§ **To do**:
Please retype, word for word, the line containing "Fox Rigidity Chod" and every line after it through the end of the records, leaving out all pictures.

§ **Records supplied**:
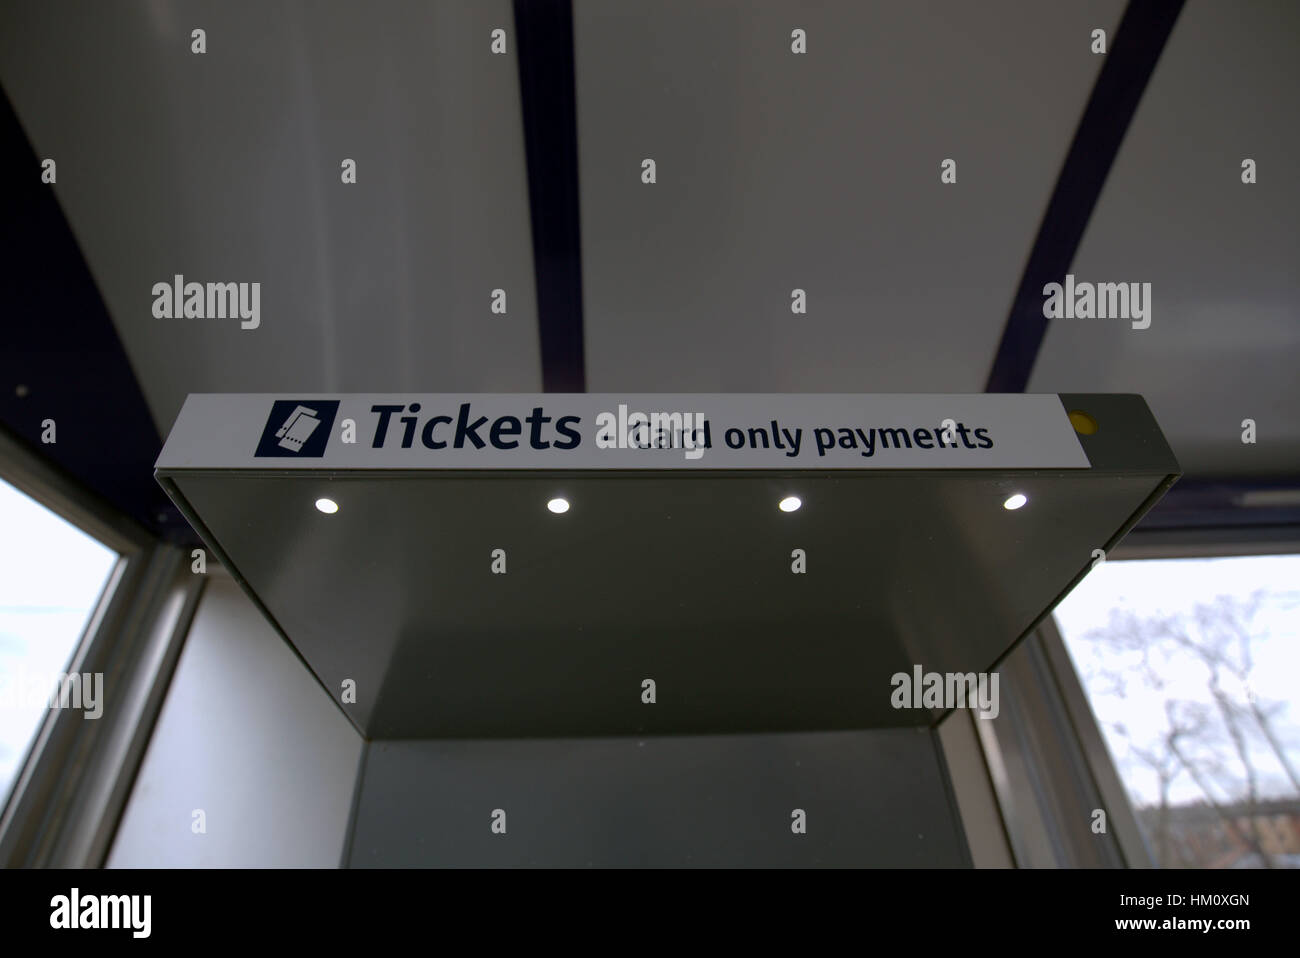 Bahn-Station Scotrail Tickets unterschreiben nur Kartenzahlungen Stockfoto
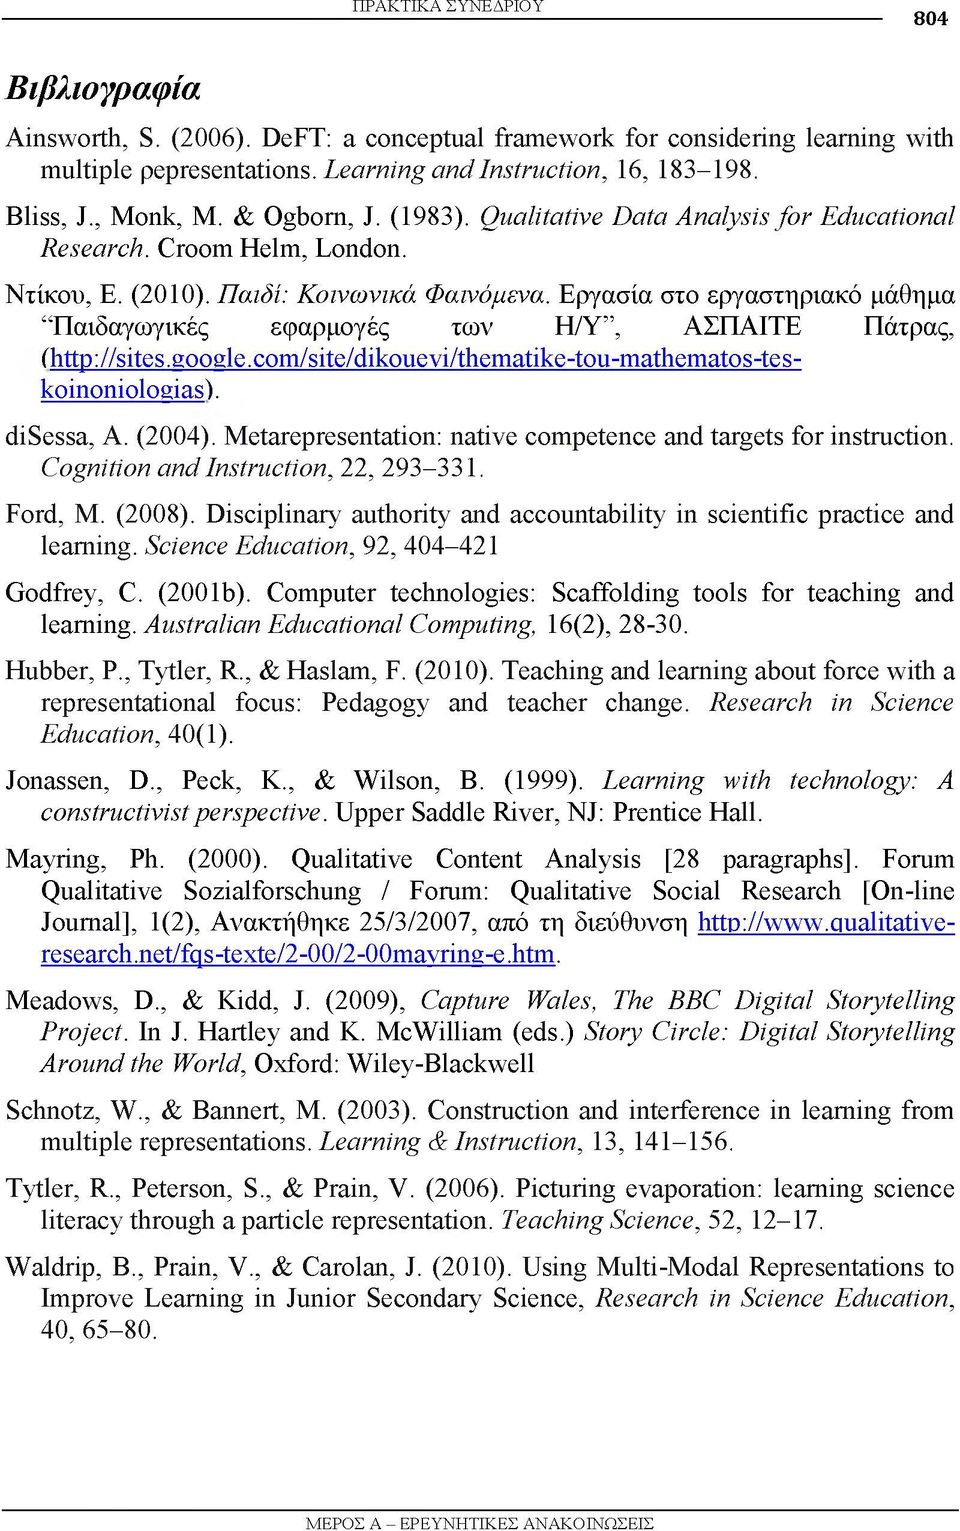 Εργασία στο εργαστηριακό μάθημα Παιδαγωγικές εφαρμογές των Η/Υ, ΑΣΠΑΙΤΕ Πάτρας, (http://sites.google.com/site/dikouevi/thematike-tou-mathematos-teskoinoniologias). disessa, A. (2004).
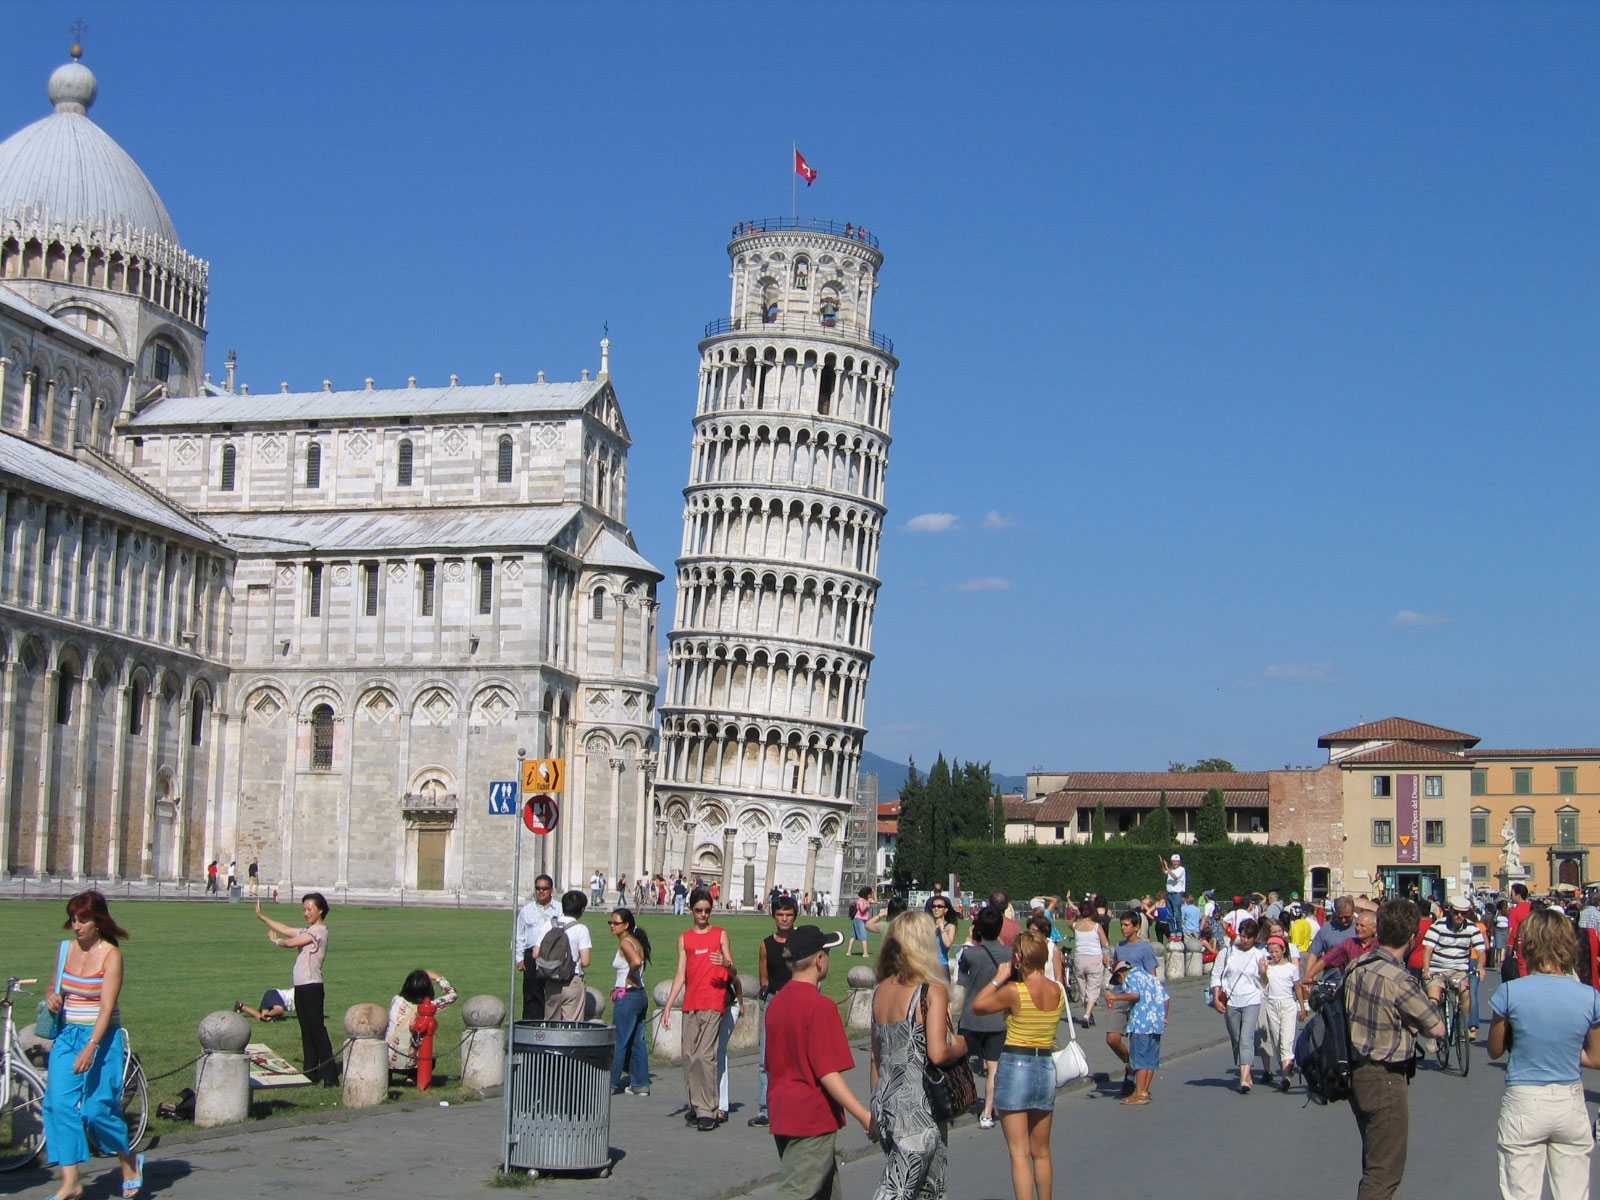 Достопримечательности пизы, италия: фото и описание, что посмотреть обязательно, интересные факты и отзывы туристов
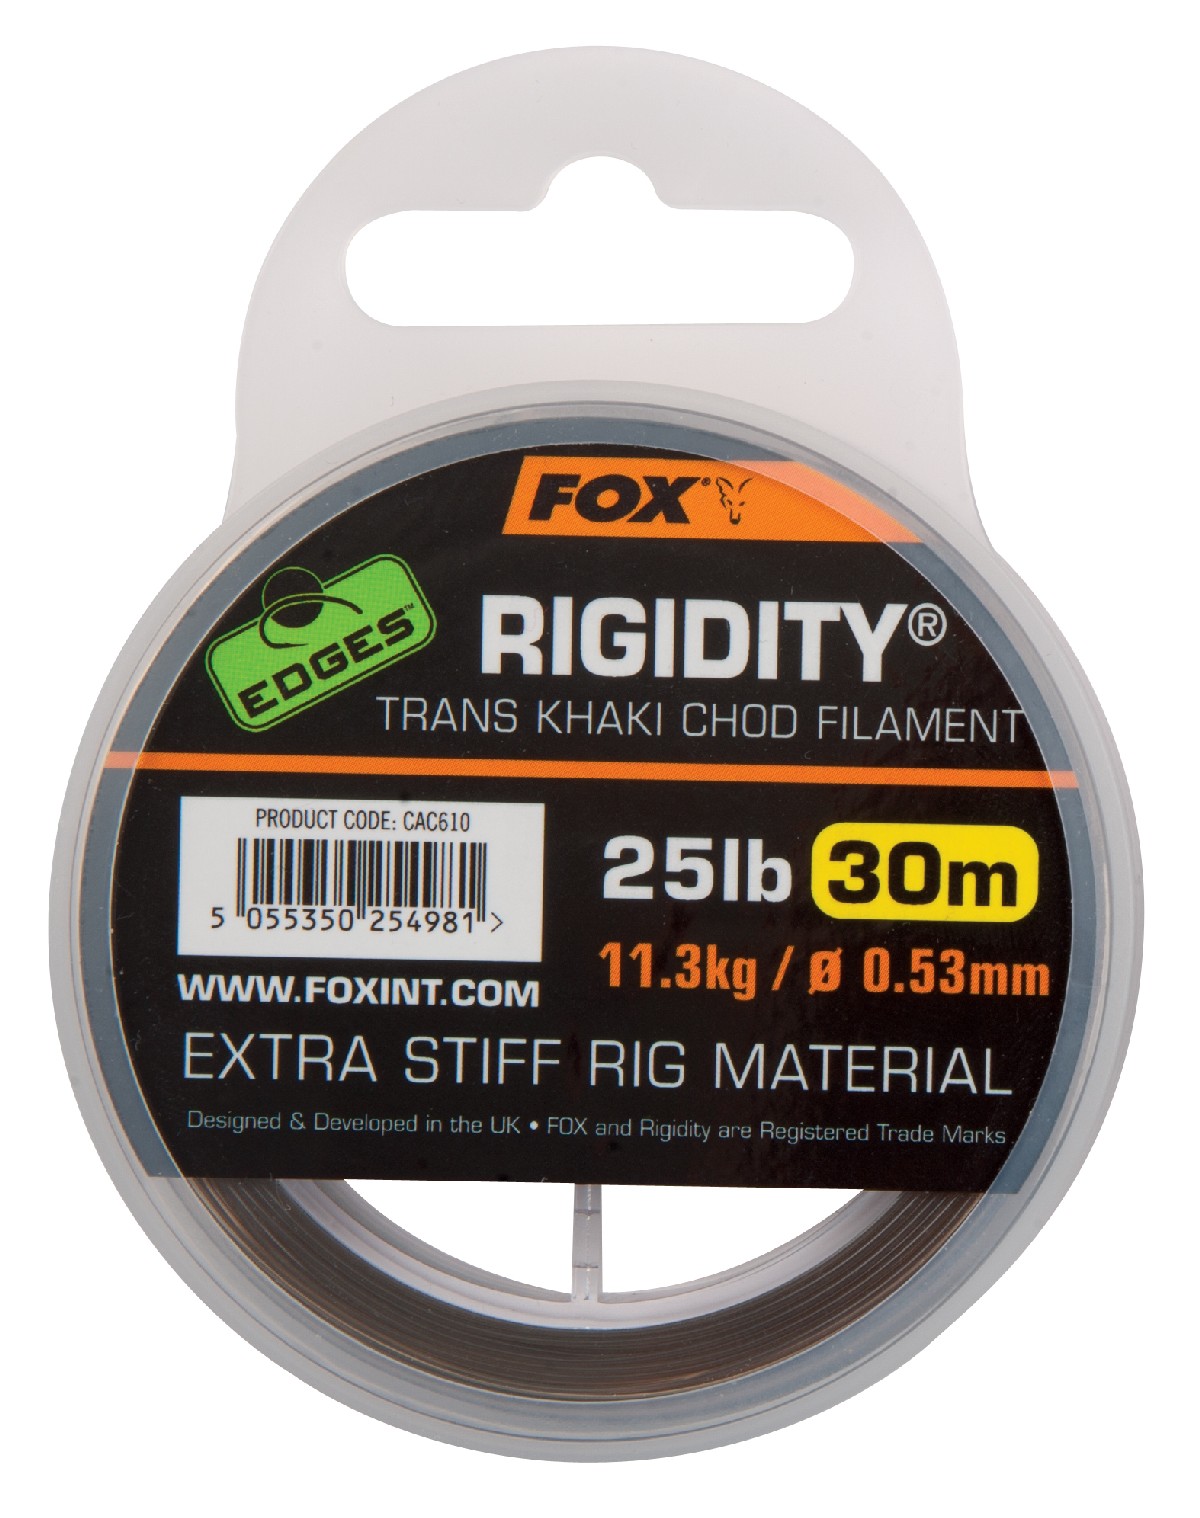 Fox Rigidity Chod Filament Trans Khaki Top Merken Winkel
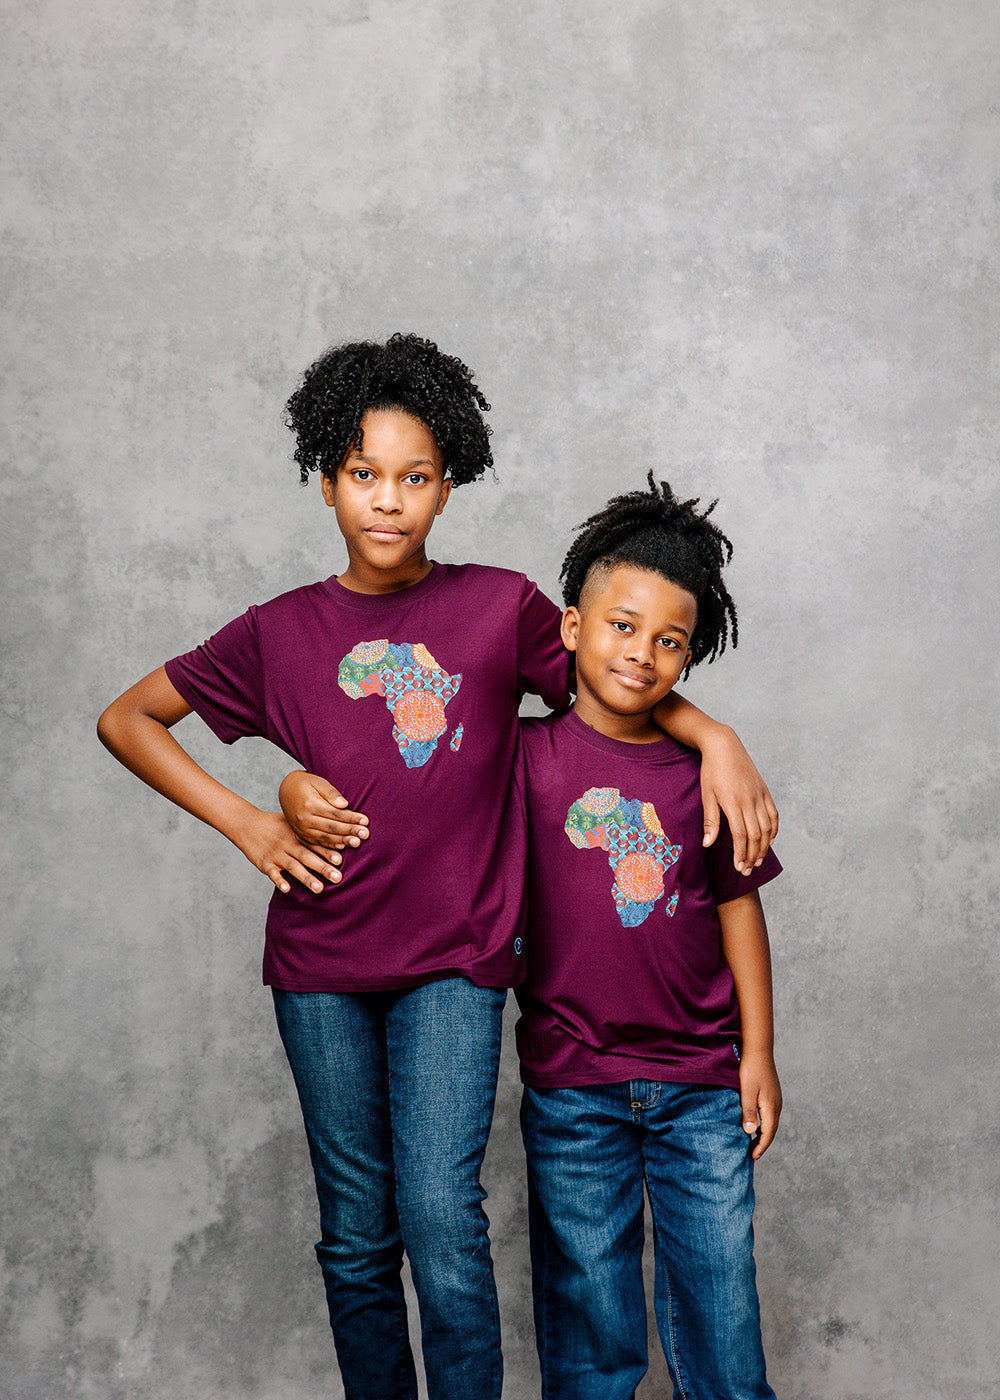 Bontu Kids' Unisex African Print Africa Map T-shirt (Plum/ New

§ **Exercise solution**:
 Fox Rigidity Chod Filament Trans Khaki Top Merken Winkel
 Bontu Kids' Unisex African Print Africa Map T-shirt (Plum/ New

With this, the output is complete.